ACTIVITY: Repeat the data exactly, leaving out any image.

AVAILABLE DATA:

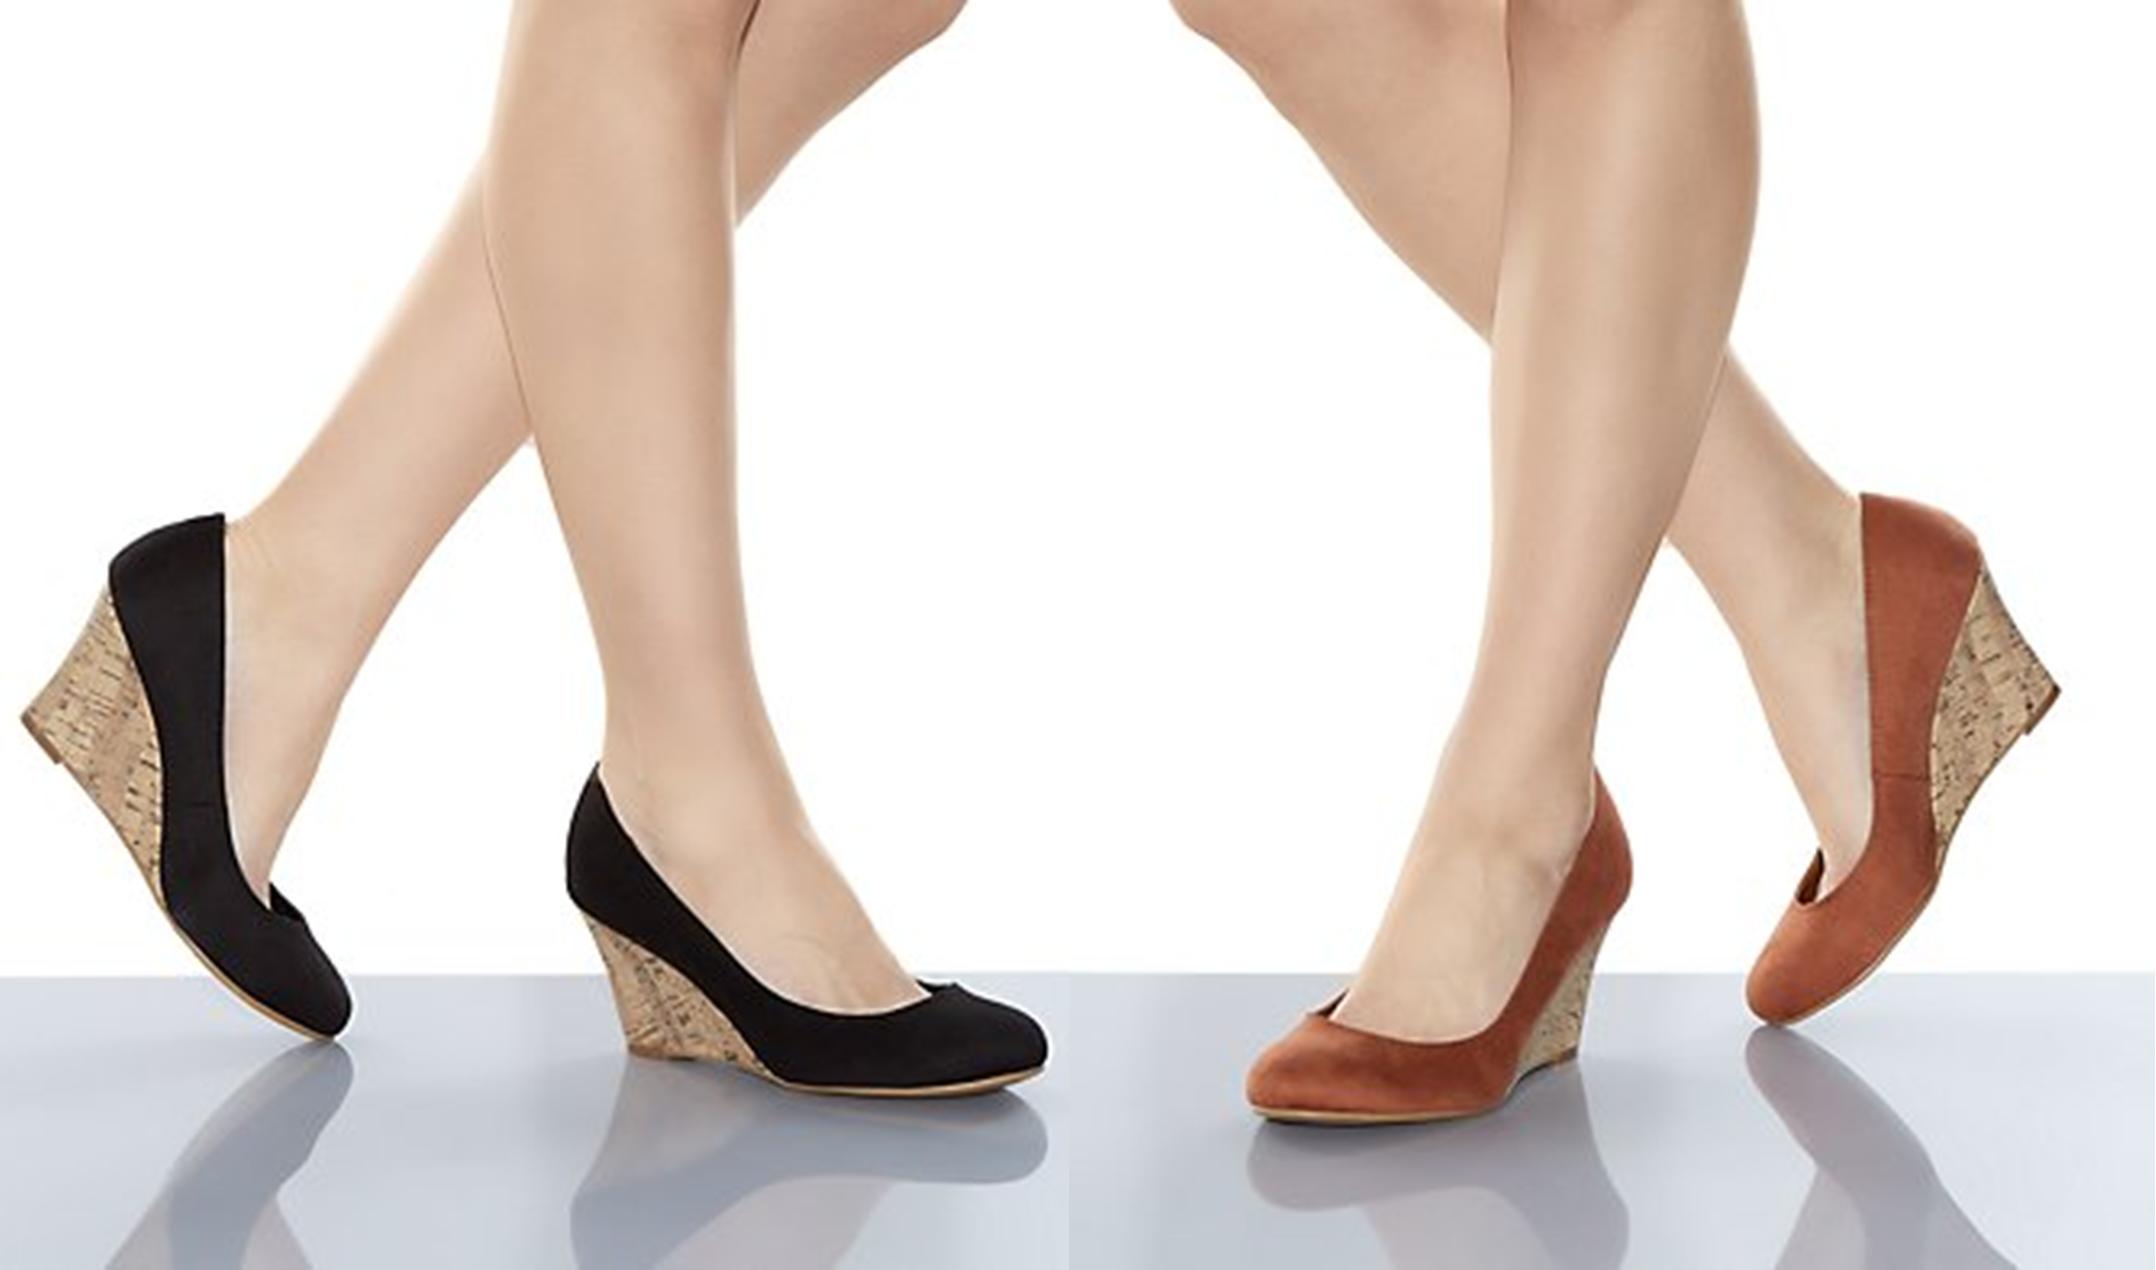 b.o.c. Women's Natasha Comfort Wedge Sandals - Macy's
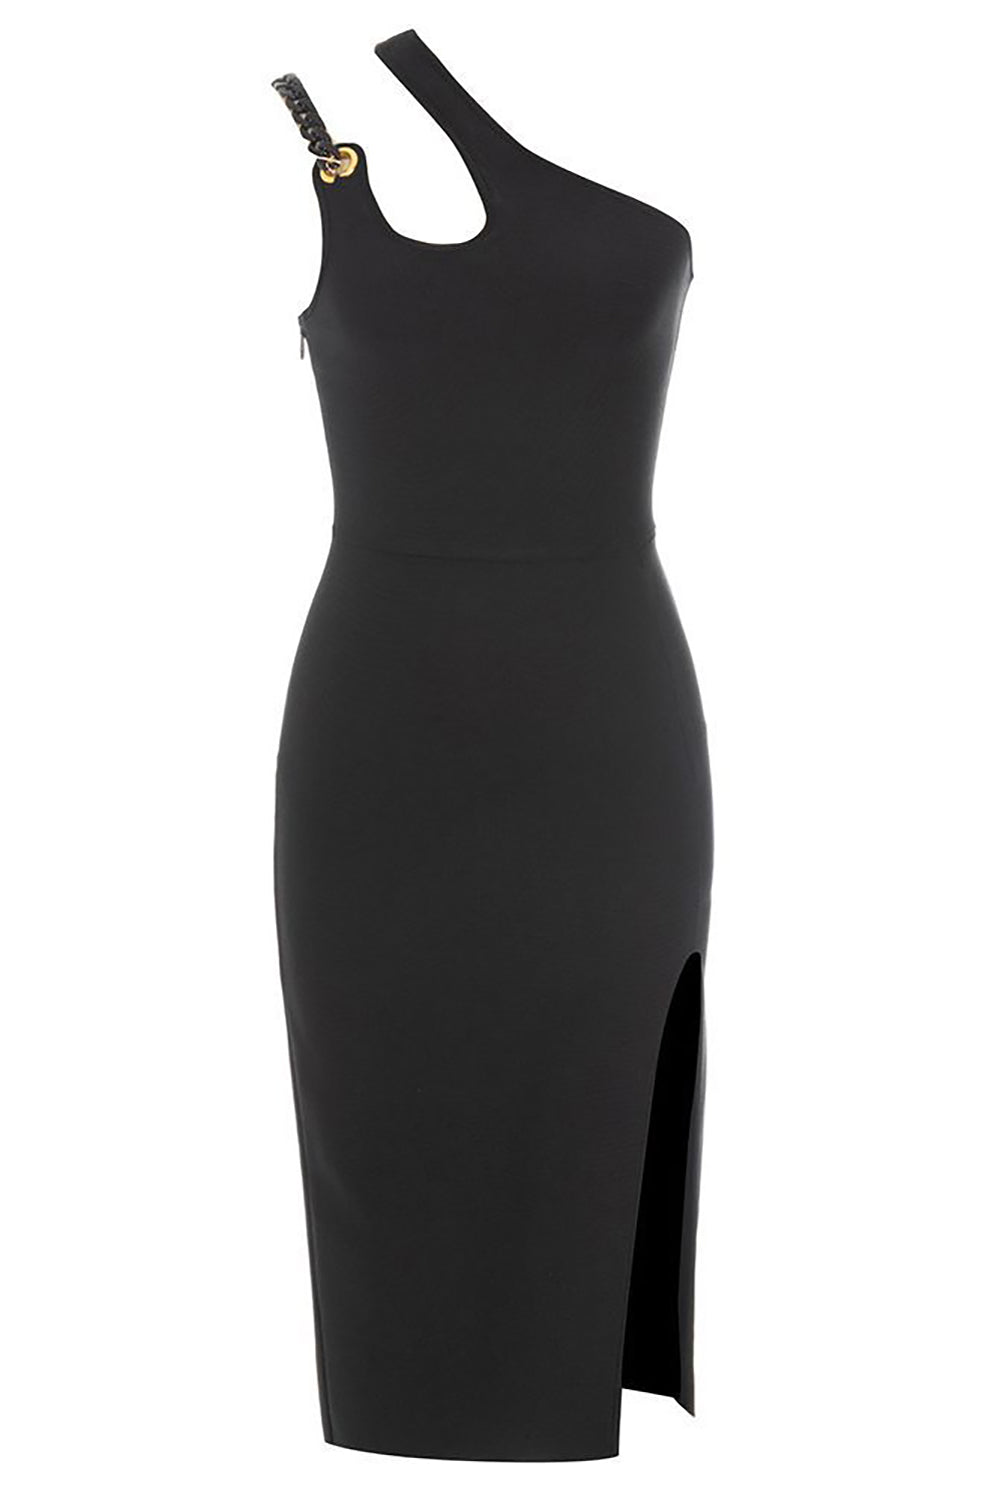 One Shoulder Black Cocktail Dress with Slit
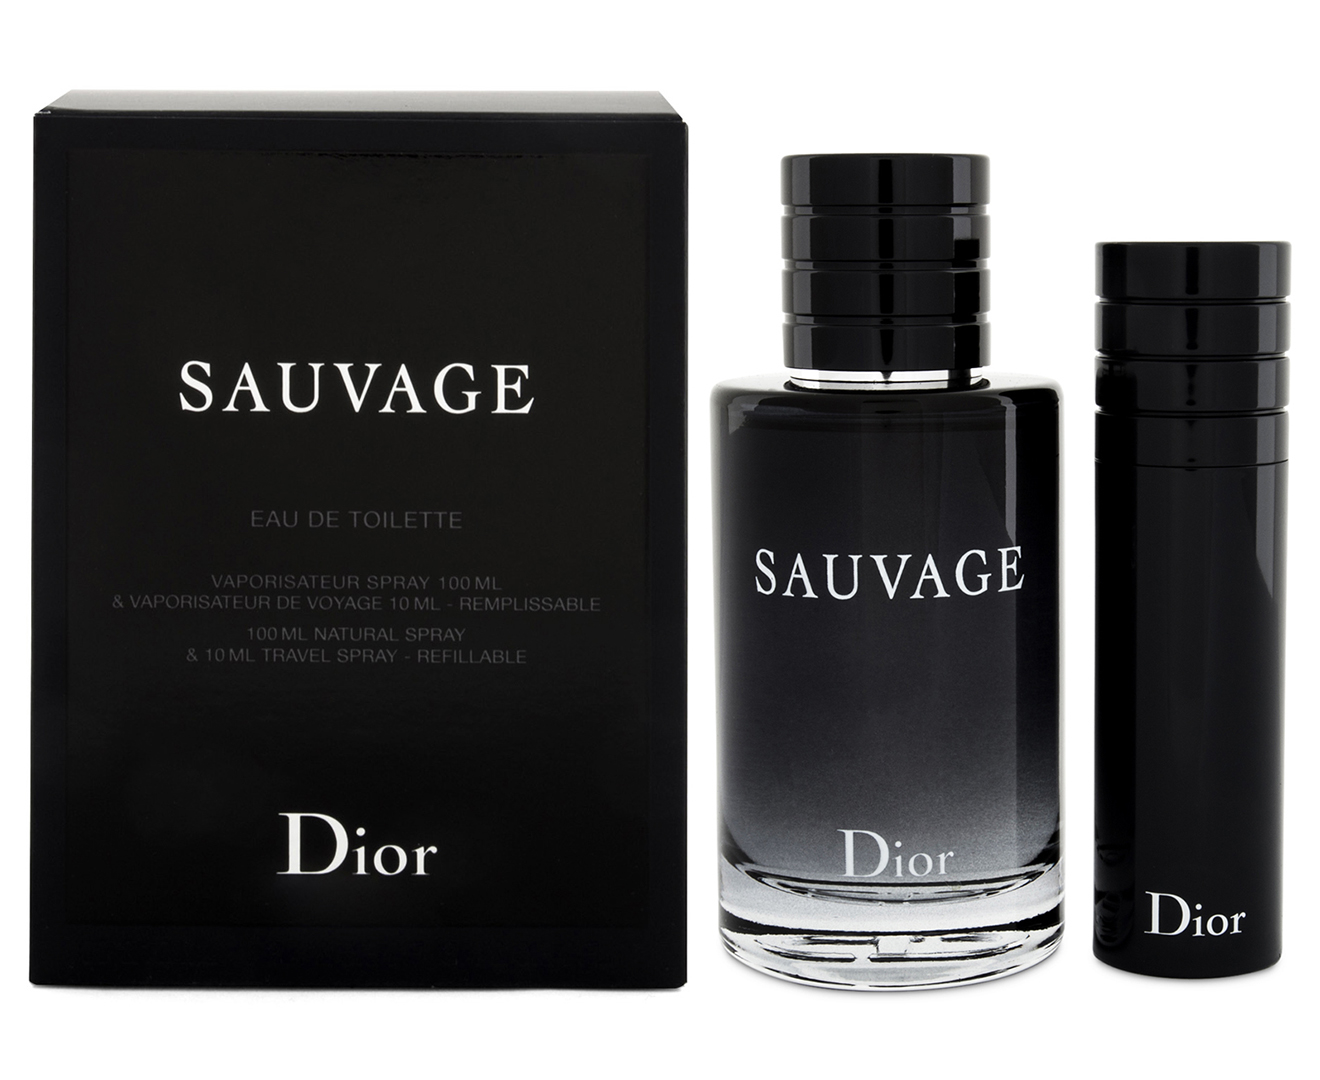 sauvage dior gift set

REPLY TO THE EXERCISE:
 b.o.c. Women's Natasha Comfort Wedge Sandals - Macy's
 One Shoulder Black Cocktail Dress with Slit
 sauvage dior gift set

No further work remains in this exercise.